Philippine Supreme Court Jurisprudence


Philippine Supreme Court Jurisprudence > Year 1961 > June 1961 Decisions > G.R. No. L-15811 June 30, 1961 - IN RE: JUAN MANUEL, ET AL. v. REPUBLIC OF THE PHIL. :




PHILIPPINE SUPREME COURT DECISIONS

EN BANC

[G.R. No. L-15811. June 30, 1961.]

IN RE: PETITION FOR CHANGE OF NAME. JUAN MANUEL, ET AL., Petitioners-Appellees, v. REPUBLIC OF THE PHILIPPINES, Oppositor-Appellant.

Priscilo Evanglista for Petitioners-Appellees.

Solicitor General for Oppositor-Appellant.


SYLLABUS


1. SPECIAL PROCEEDINGS; CHANGE OF NAME; AN UNACKNOWLEDGED NATURAL CHILD MAY NOT USE THE SURNAME OF THE NATURAL FATHER; EXCEPTION. — Under Art. 366 of the new Civil Code, a natural child may only use the father’s surname if he is acknowledged by both parents. Otherwise, he shall employ only the surname of the recognizing parents, unless the putative father has consented or acquiesced to the use by the illegitimate child of his surname.

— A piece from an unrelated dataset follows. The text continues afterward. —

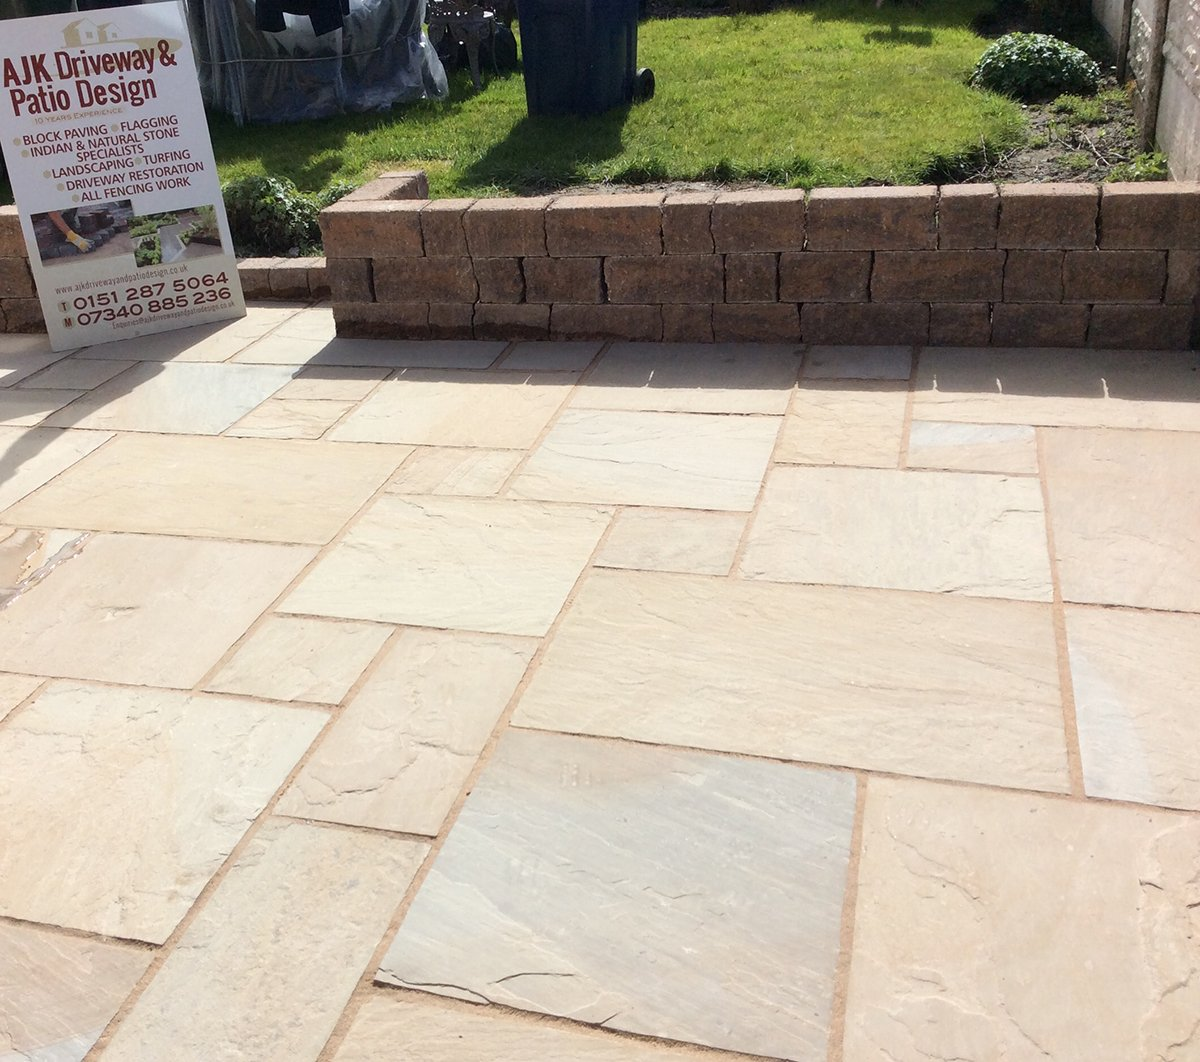 Light stone patio

2. ID.; ID.; VALENCIA CASE DISTINGUISHED WITH INSTANT CASE. — Firstly, the Valencia case was decided before the effectivity of the new Civil Code when there was no specific legal provision regulating the use of surname, whereas, under Art. 366 of the new Civil Code, a natural child may only use the father’s surname if he is acknowledged by both parents. Secondly, unlike in the Valencia case where the father was found to have acquiesced to the use by the illegitimate children of his surname, there is no evidence in the instant case that petitioner Juan Manuel has previously used the surname Eaton with the consent or acquiescence of the putative father.

3. APPEALS; PROCEDURE IN THE SUPREME COURT; JUDGMENT; FAILURE TO ASSIGN AS ERROR THE GRANTING OF A PETITION WHICH IS PLAIN TO THE COURT IS HARMLESS ERROR. — The failure of the oppositor Republic of the Philippines to assign as error in its brief the granting of the petition is considered a harmless error under section 5 of Rule 53 of the old Rules of court (now Sec. 5, rules 51 of the new Rules of Court) the same being plain enough for the court to take notice thereof.


R E S O L U T I O N *


BARRERA, J.:


In our decision promulgated on March 27, 1961, the petitions for change of name of Juan Manuel, to Juan M. Eaton, and of his children Alexander, Gloria, Jack and Victor, all surnamed Manuel, to Alexander Eaton, Gloria Eaton, Jack Eaton, and Victor Eaton, respectively, were denied, for the reason that John Eaton, Juan’s alleged natural father, does not appear to have acknowledged him. It was, therefore, held that pursuant to Article 366 of the new Civil Code, petitioner Juan Manuel is not allowed to use the surname of his alleged natural father.

Petitioners filed a motion for reconsideration claiming that following our ruling in the case of Valencia v. Rodriguez (47 O.G. No. 1, p. 180), an unacknowledged natural child may also use the surname of the natural father.

The ruling in the cited case of Valencia v. Rodriguez, supra, is not applicable to the one at bar. Firstly, the Valencia case was decided before the effectivity of the new Civil Code when there was no specific legal provision regulating the use of surnames, whereas, under the prevailing law, a natural child may only use the father’s surname if he is acknowledged by both parents. Otherwise, he shall employ only the surname of the recognizing parents. (Art. 366, new Civil Code.) There is nothing in the records to show that petitioner Juan Manuel was acknowledged by both his natural father and mother.

Secondly, unlike the Valencia case where the father was found to have acquiesced to the use by the illegitimate children of his surname, there is no evidence in the instant case that petitioner Juan Manuel has previously used the surname Eaton, with the consent or acquiescence of the putative father. On the contrary, his petition for change of name specifically admitted that he has always been using the name "Juan Manuel," and signified the intention to adopt his alleged natural father’s surname only in 1958 when he filed the petition, and after the demise of the latter.

As to the other ground of the motion, it may be stated that while it is true that the oppositor Republic of the Philippines failed to assign as error in its brief, the granting of the petition of Juan Manuel, the same is plain enough for us not to take notice thereof. Thus, under Section 5 of Rule 53, Rules of Court may properly pass upon said question. (Dilag v. Resurreccion, 76 Phil. 650).

The motion for reconsideration is denied, for lack of merit. So ordered.

Bengzon, C.J., Padilla, Labrador, Concepcion, Reyes, J.B.L., Paredes, Dizon, De Leon and Natividad, JJ., concur.

Bautista Angelo, J., took no part.

Endnotes:



* Editor’s Note: See Decision in 1 SCRA 836.